Firstly, let's prove that the number of die rolls can never be less than 2. Suppose one die roll could generate an integer. Then the probability of that integer being generated would be no less than the probability of that particular die roll, which is no less than 1/997, which is larger than 1/1001. So that integer is generated with a probability larger than 1/1001, which contradicts the uniform distribution requirement. Conclusion: the expected number of die rolls is greater than or equal to 2, with equality iff we can always do it with 2 die rolls.

Secondly, let's prove that we can't always do it with 2 die rolls. Suppose we could. Let P1 and P2 be the number of sides on the dice. Each of the P1*P2 outcomes would have to be uniquely mapped to one of the 1001 integers, with uniform distribution, meaning that P1*P2 has to be a multiple of 1001. But 1001 has more than two prime factors, while P1*P2 only has two.
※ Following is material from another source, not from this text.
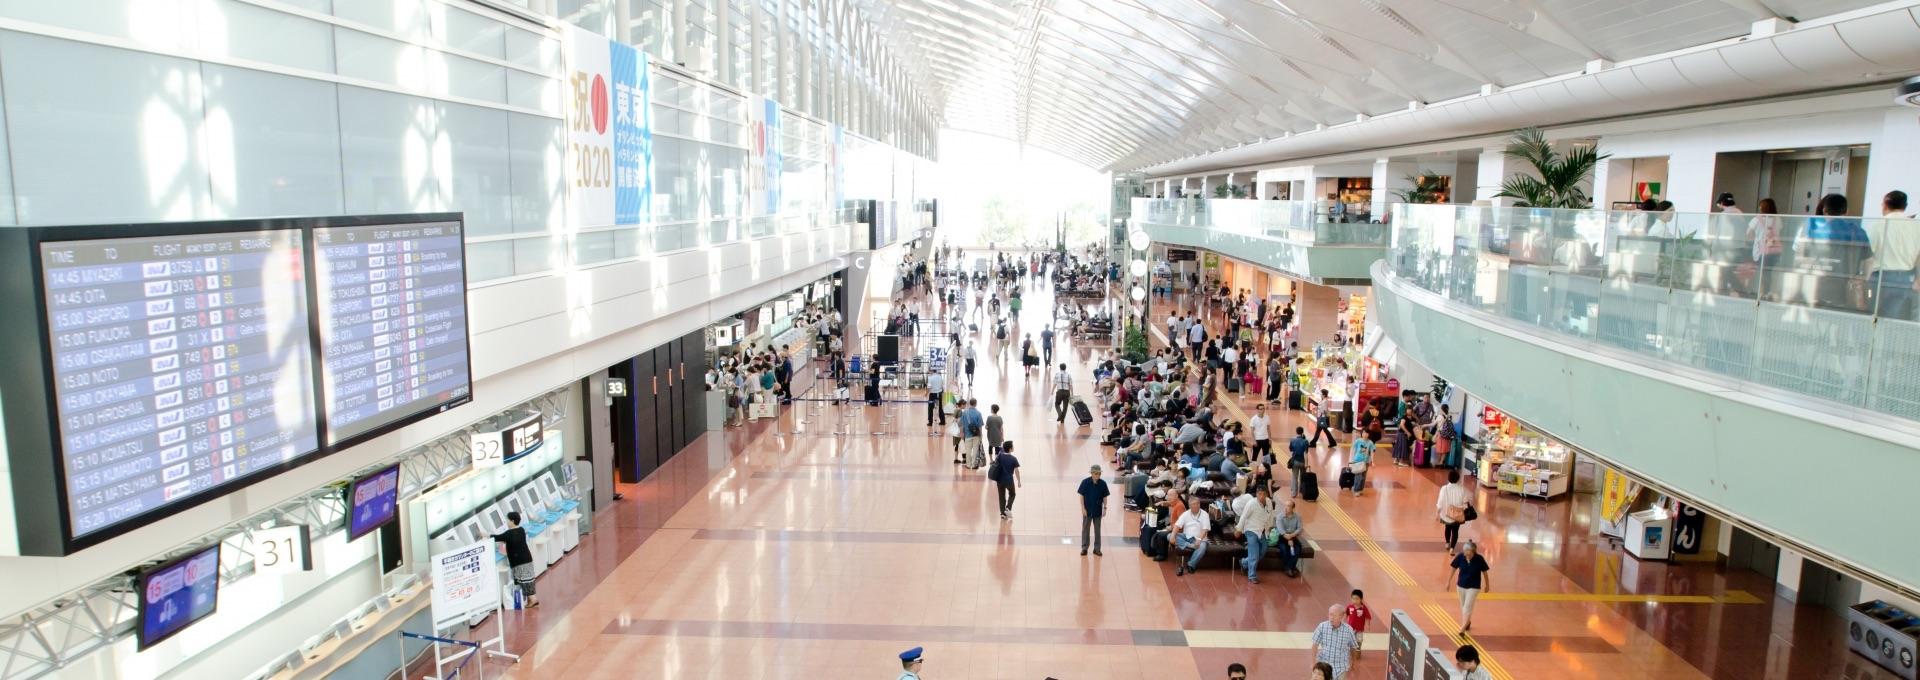 ホワイトパーキング羽田空港駐車場のご利用方法 羽田空港駐車場ホワイトパーキング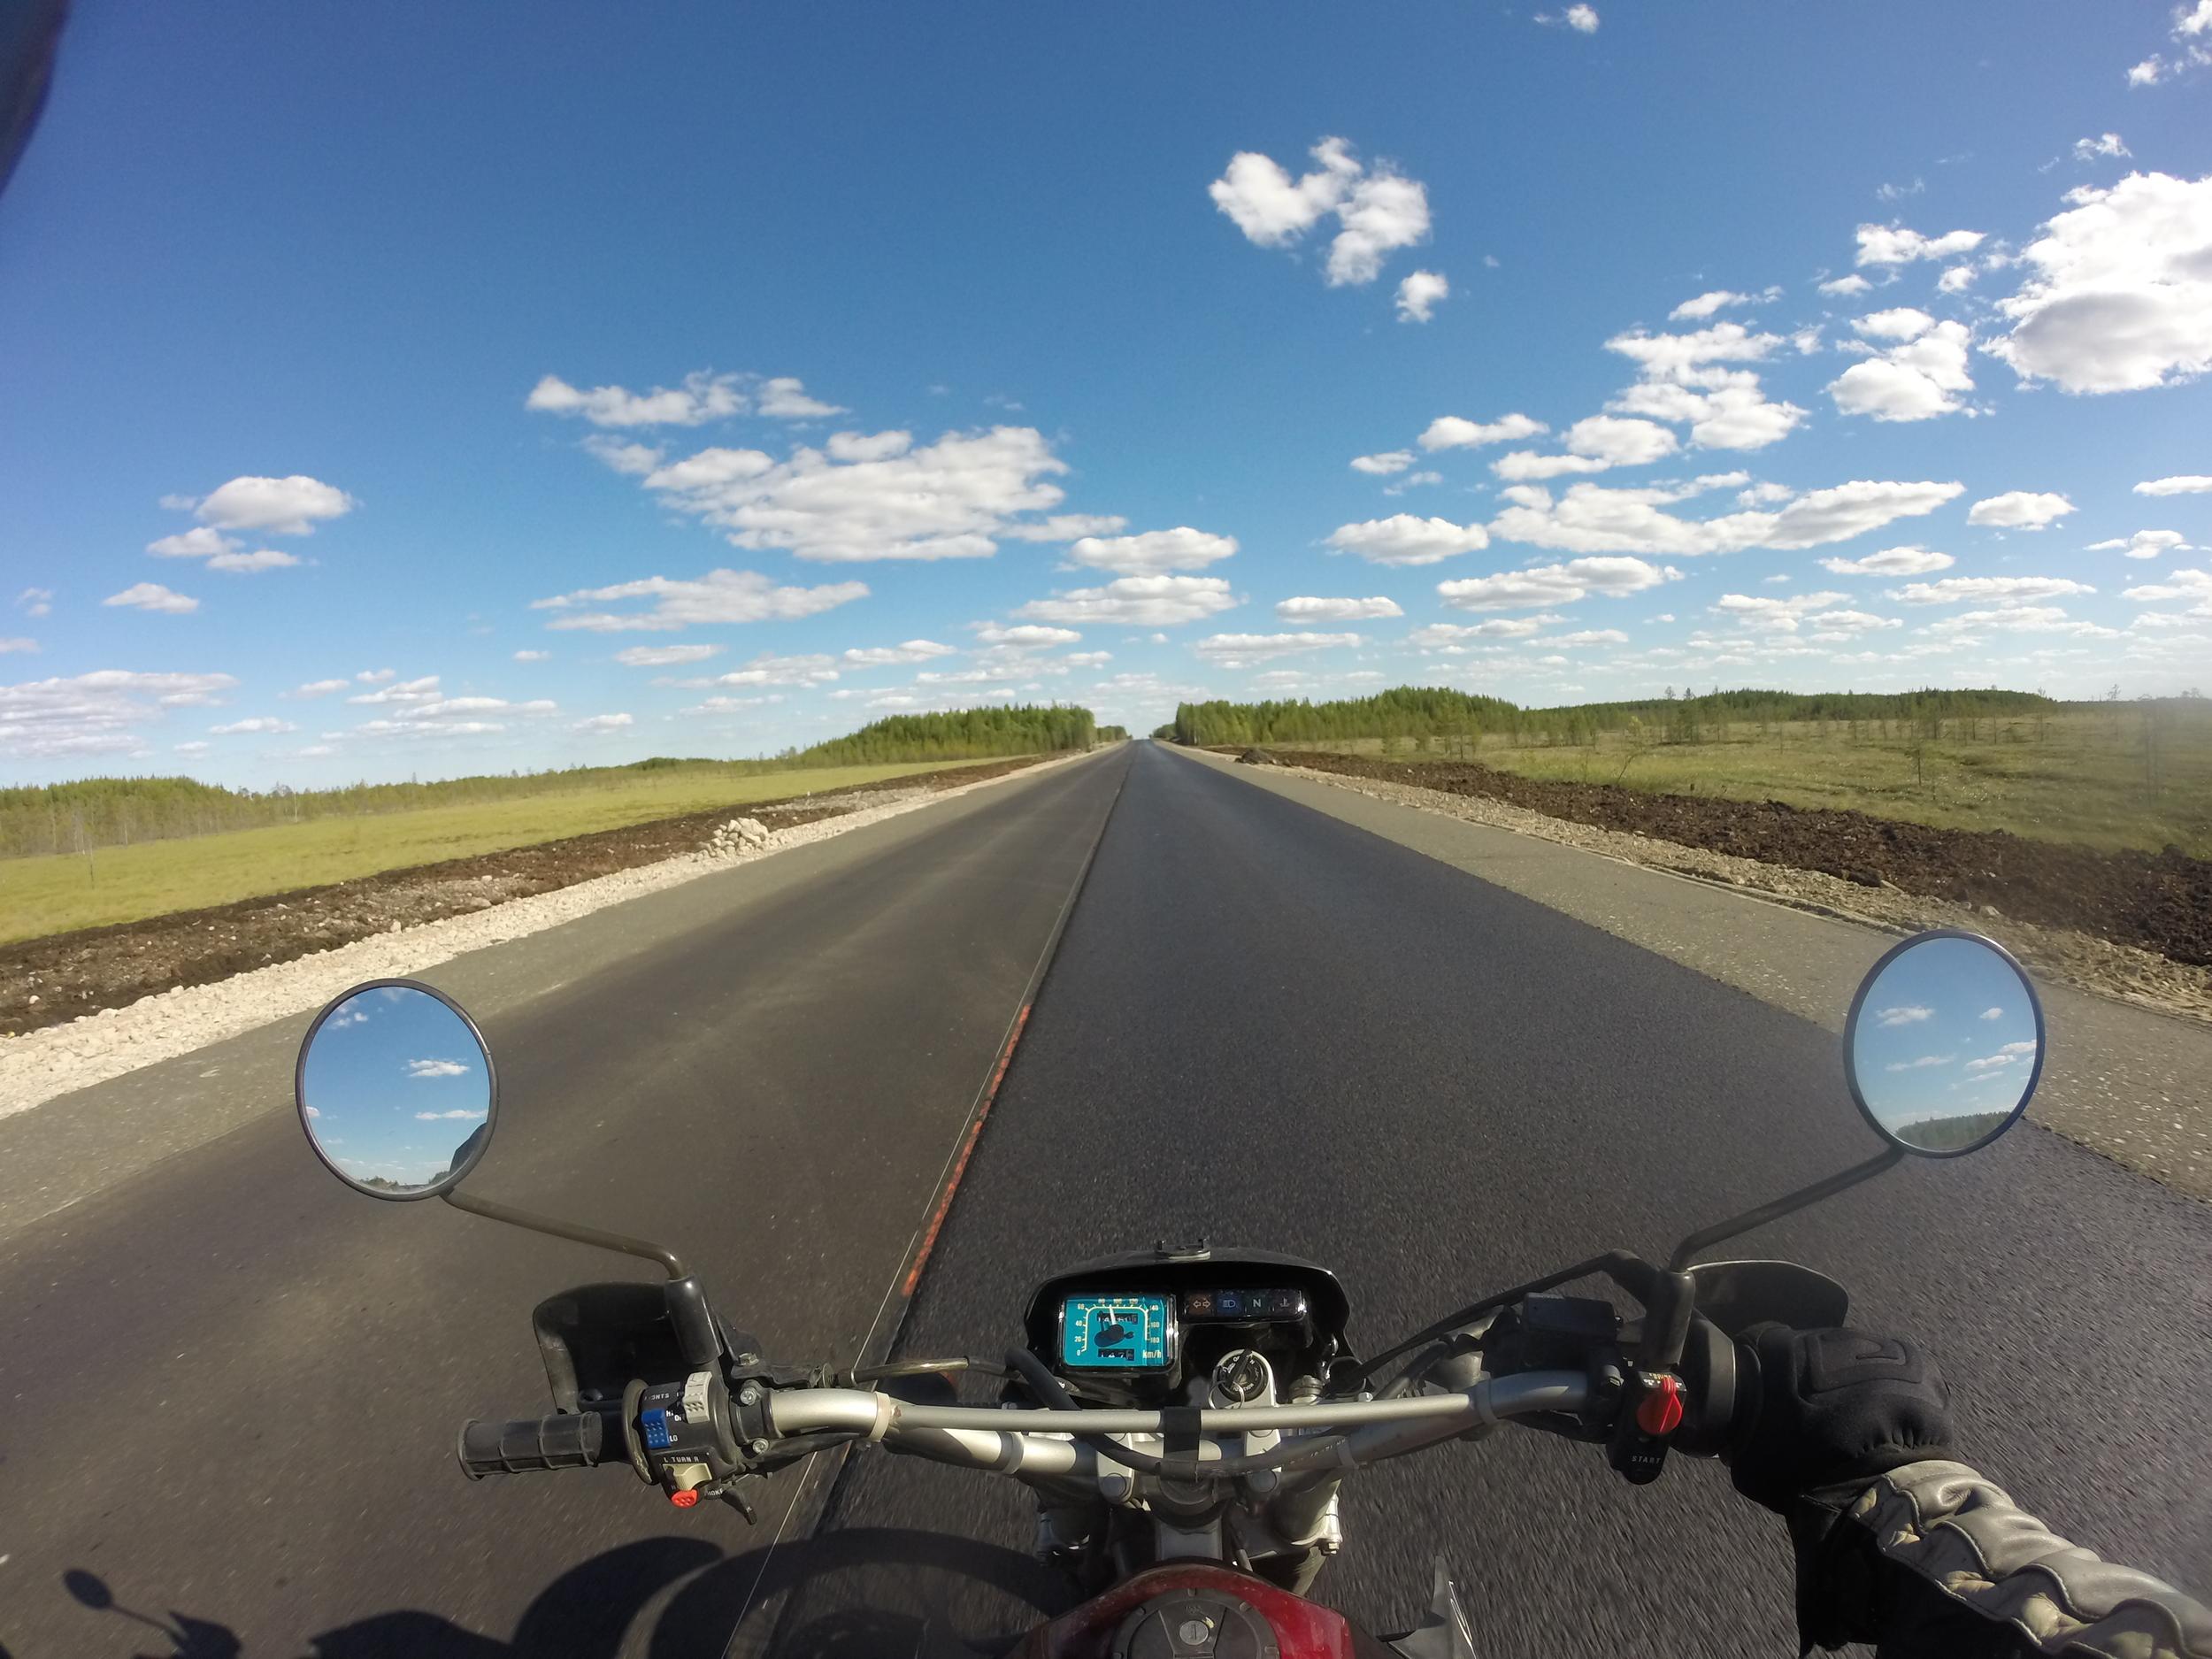 Aurinko paistaa ja upouusi asfaltti suorastaan kutsuu kokeilemaan pyöränsä rajoja!

This is a contradiction, as a multiple of 1001 can't have fewer prime factors than 1001 itself has. Conclusion: the expected number of die rolls is greater than 2.

Now, to continue on the path that DejMar and plasmid have beaten, let's find two dice that can be rolled with a small risk of re-rolling. Suppose we roll dice P1 and P2 such that P1*P2 = 1001n + a, where 0<a<1001. Then the risk of re-rolling is equal to a/(1001n+a), so we ideally want to minimize a while maximizing n. To maximize n, we need large P1 and P2, which leads me to start counting modulo 1001. 997 can be rewritten as 1001-4, 991 can be rewritten as 1001-10, and so on for the other large prime numbers. Making a list of these differences (4,10,18,24,30,34,48,54,60,64,72...) we seek two numbers D1 and D2 which are as small as possible (meaning P1 and P2 are large) while keeping the remainder of D1*D2/1001 as small as possible (meaning a is as small as possible). Ideally a should be 1, and I found that 24*292 = 7008, where both 24 and 292 are found on the list of differences, and 7008 = 7*1001+1. Going back to the original primes, we have 1001-24 = 977 and 1001-292 = 709. 977*709 = 692693 = 692*1001+1. We could roll the 977-sided die (result x) and the 709-sided die (result y), and calculate 977*(y-1)+x which uniformly yields an integer result between 1 and 692693 inclusive. For results 1 through 692692, divide by 1001 and let the remainder be your integer between 1 and 1001 inclusive. For result 692693, re-roll.

Is this the optimal solution? I can't quite prove it. It is easily verified that no a>1 can be better, but possibly we could make P1*P2 > 692693 and get a better result. There's also the unlikely possibility of a better method altogether.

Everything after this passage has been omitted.